Content starts

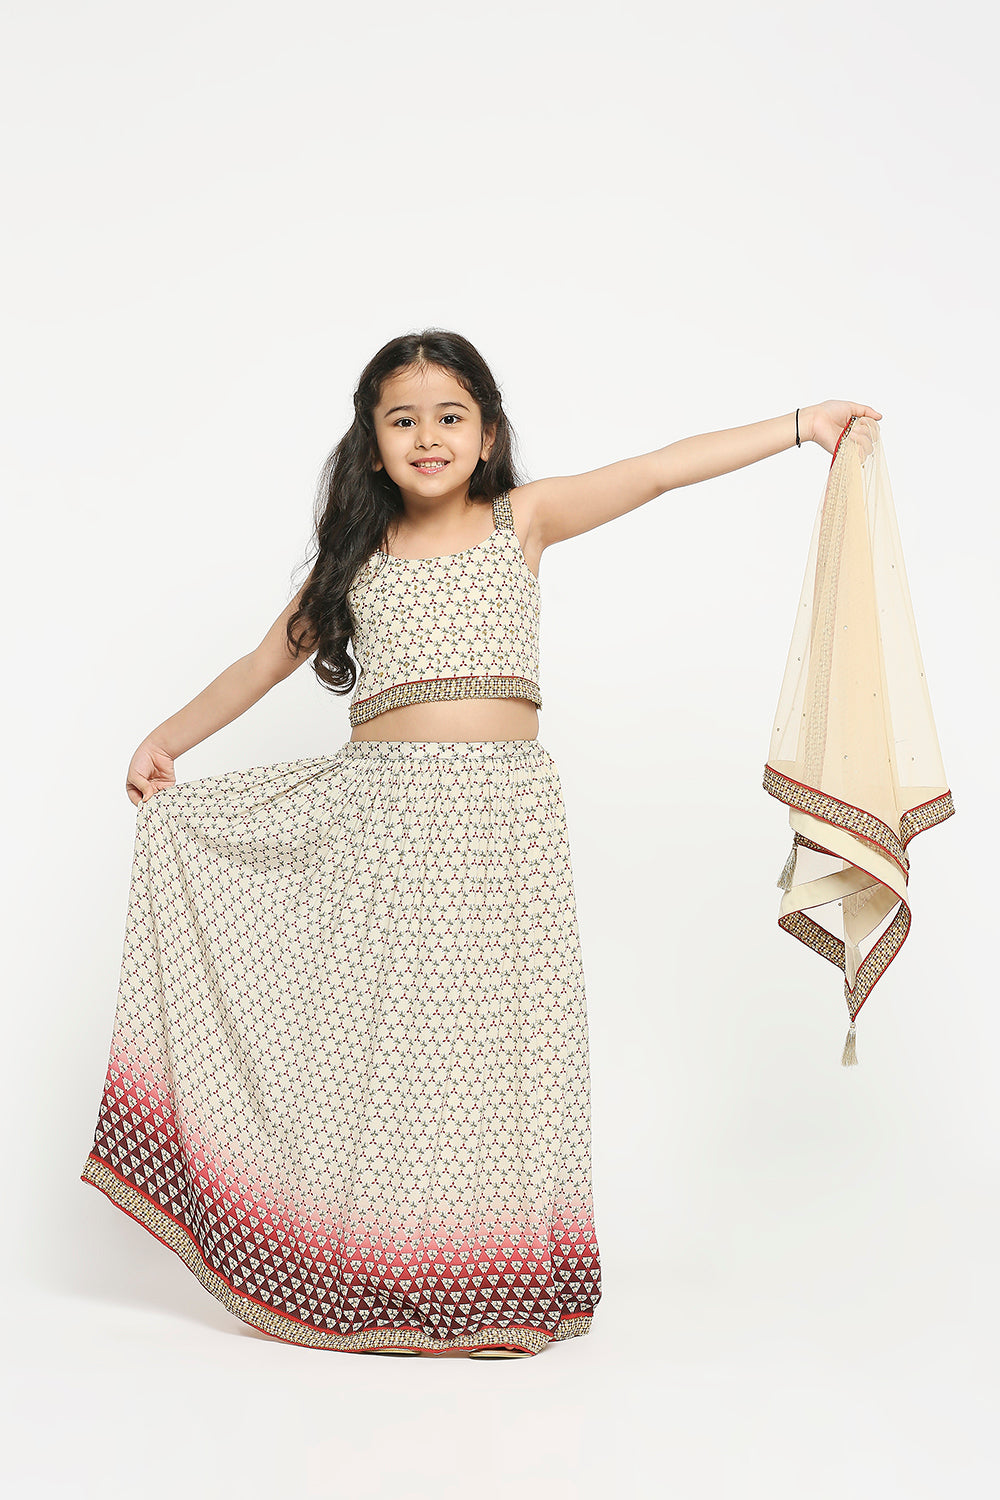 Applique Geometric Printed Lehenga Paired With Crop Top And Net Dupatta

Content ends
Content starts

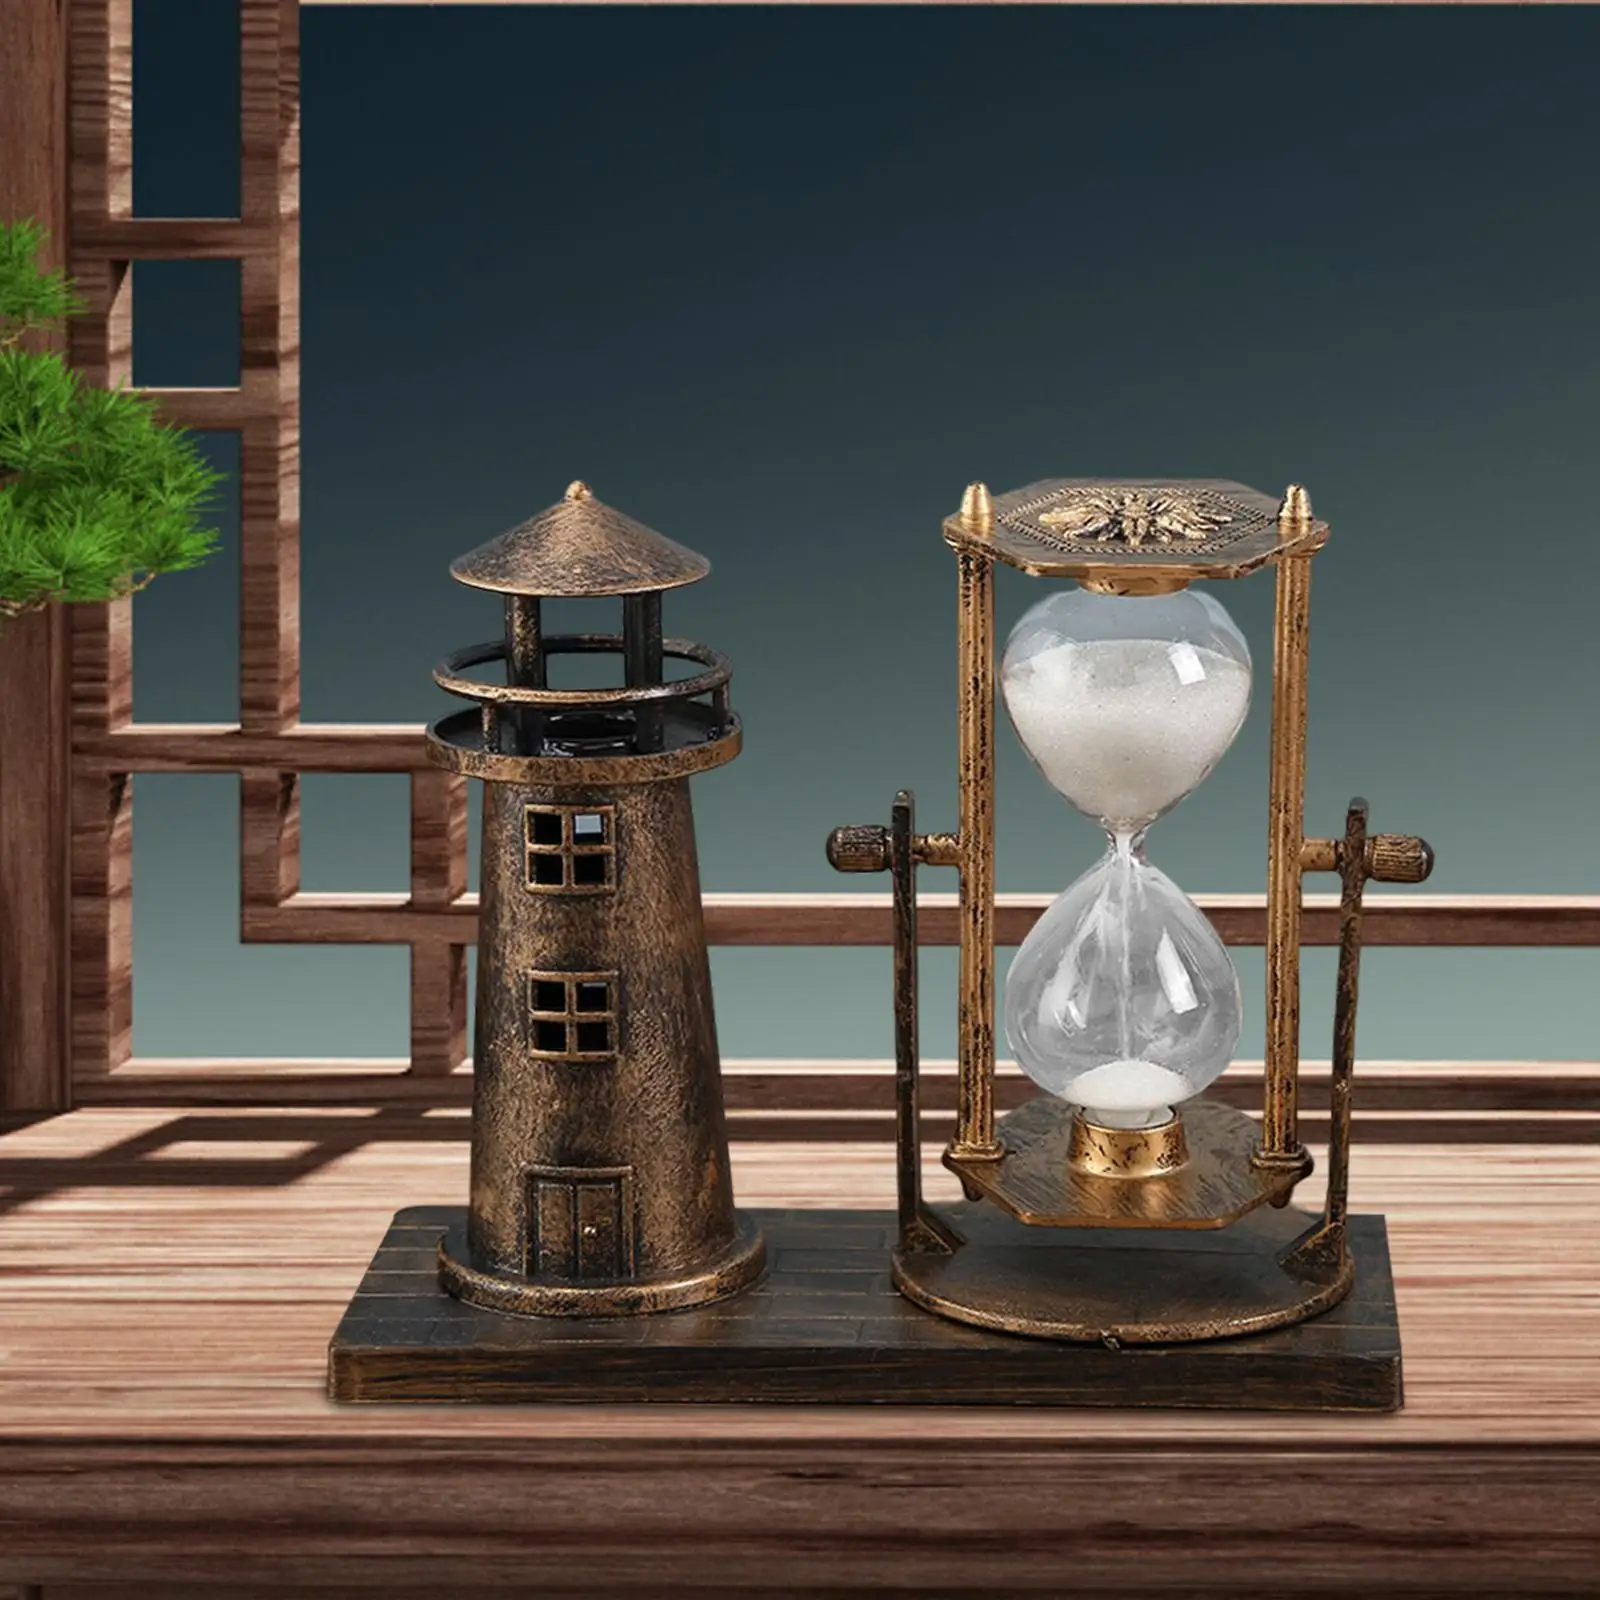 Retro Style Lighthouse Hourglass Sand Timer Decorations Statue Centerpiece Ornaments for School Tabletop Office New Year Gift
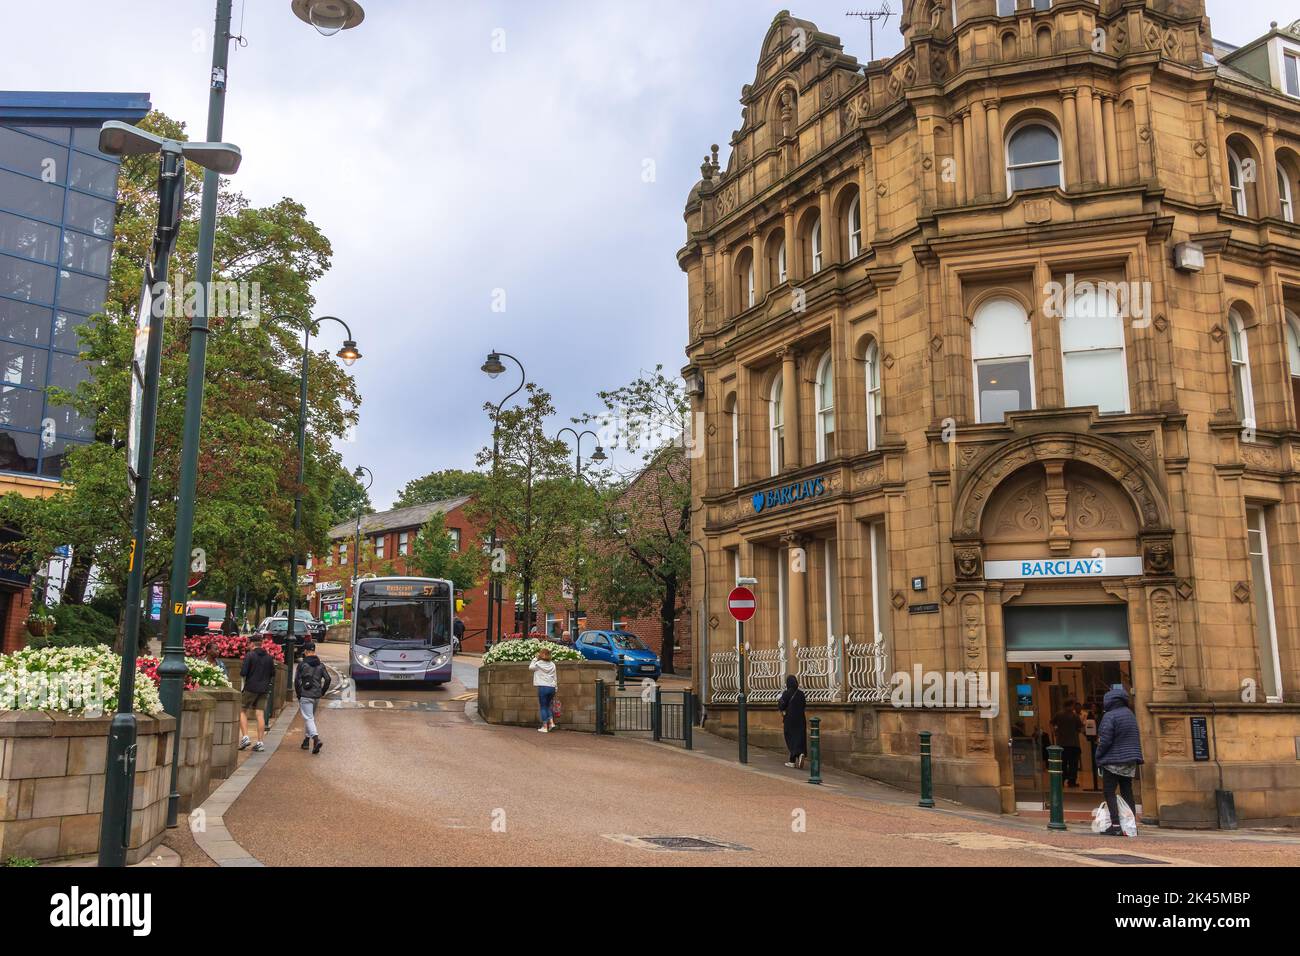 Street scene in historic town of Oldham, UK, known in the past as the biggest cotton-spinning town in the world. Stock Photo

Content ends
Content starts

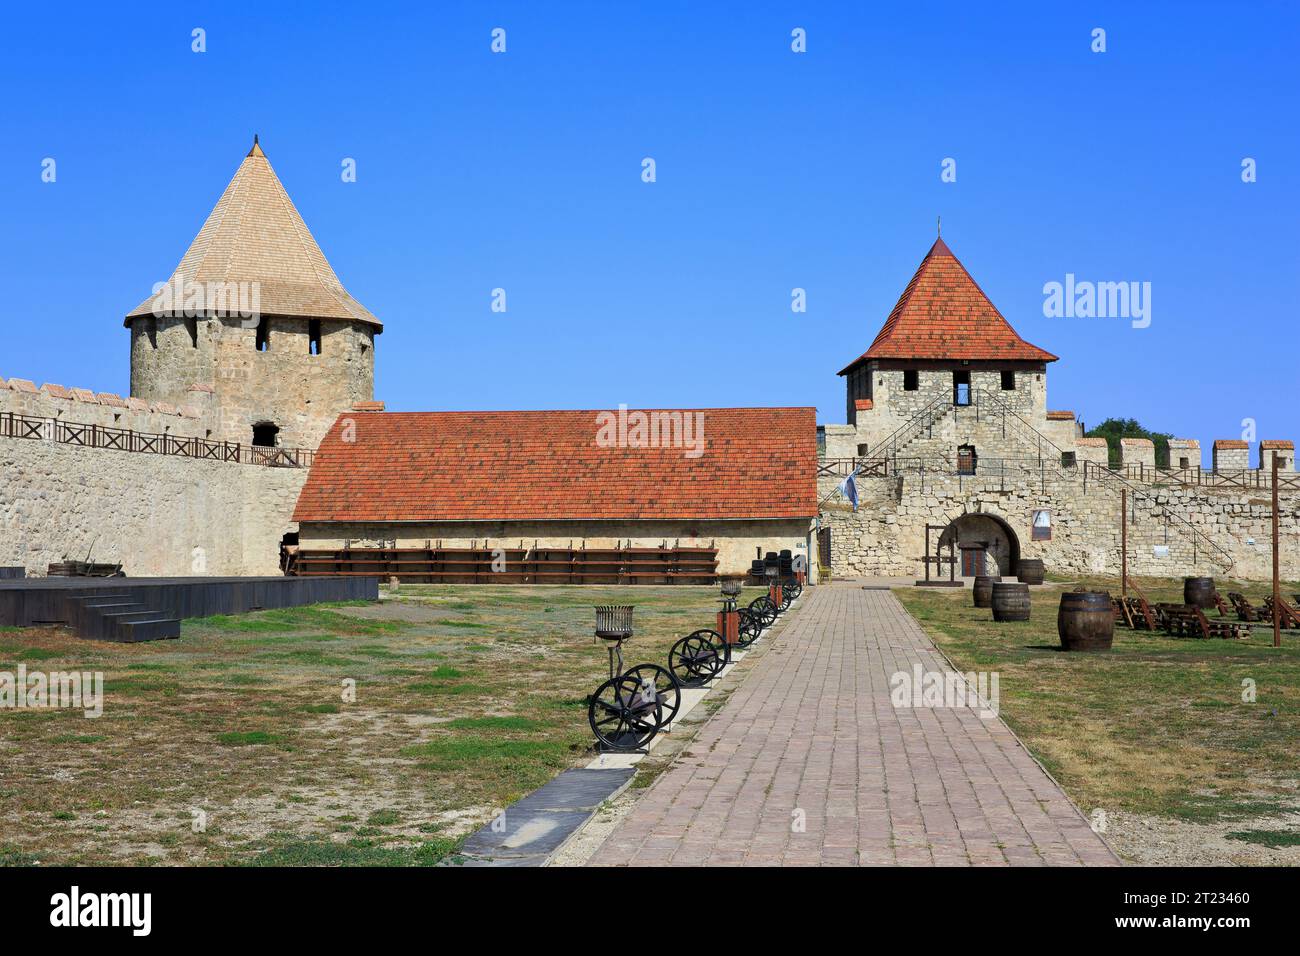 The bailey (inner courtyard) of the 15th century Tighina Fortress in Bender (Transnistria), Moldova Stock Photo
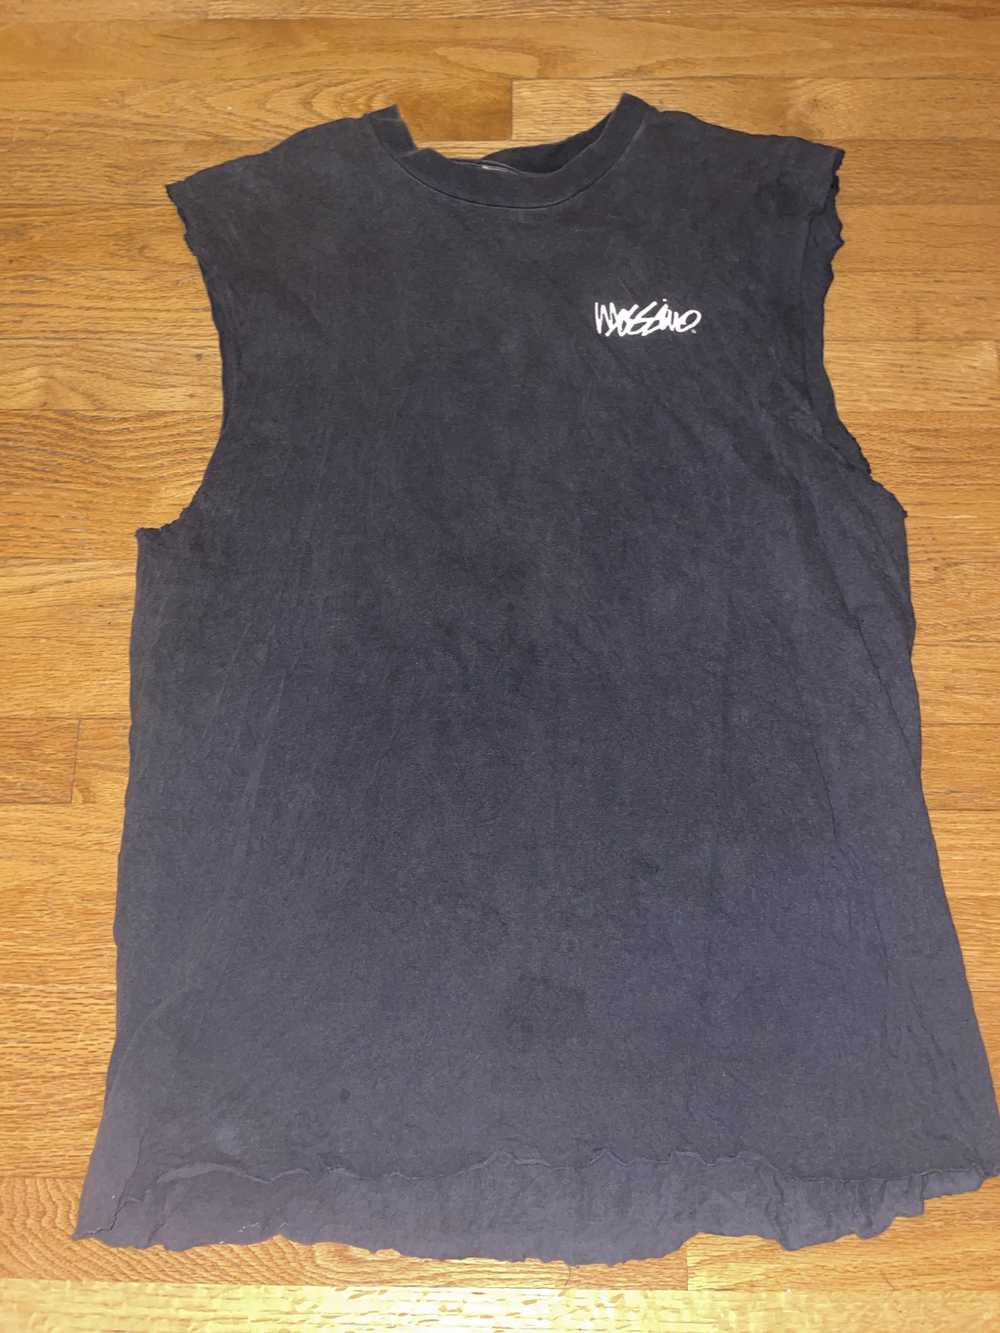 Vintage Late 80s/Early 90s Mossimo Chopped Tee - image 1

Content ends

▶ **WHAT NEEDS TO BE DONE**
Above are the records; copy exactly the lines from the one with "Retro Style Lighthouse" through the one with "Street scene in", including both, and nothing more. Leave out pictures.

▶ **EXPECTED OUTPUT**
 Retro Style Lighthouse Hourglass Sand Timer Decorations Statue Centerpiece Ornaments for School Tabletop Office New Year Gift
 Street scene in historic town of Oldham, UK, known in the past as the biggest cotton-spinning town in the world. Stock Photo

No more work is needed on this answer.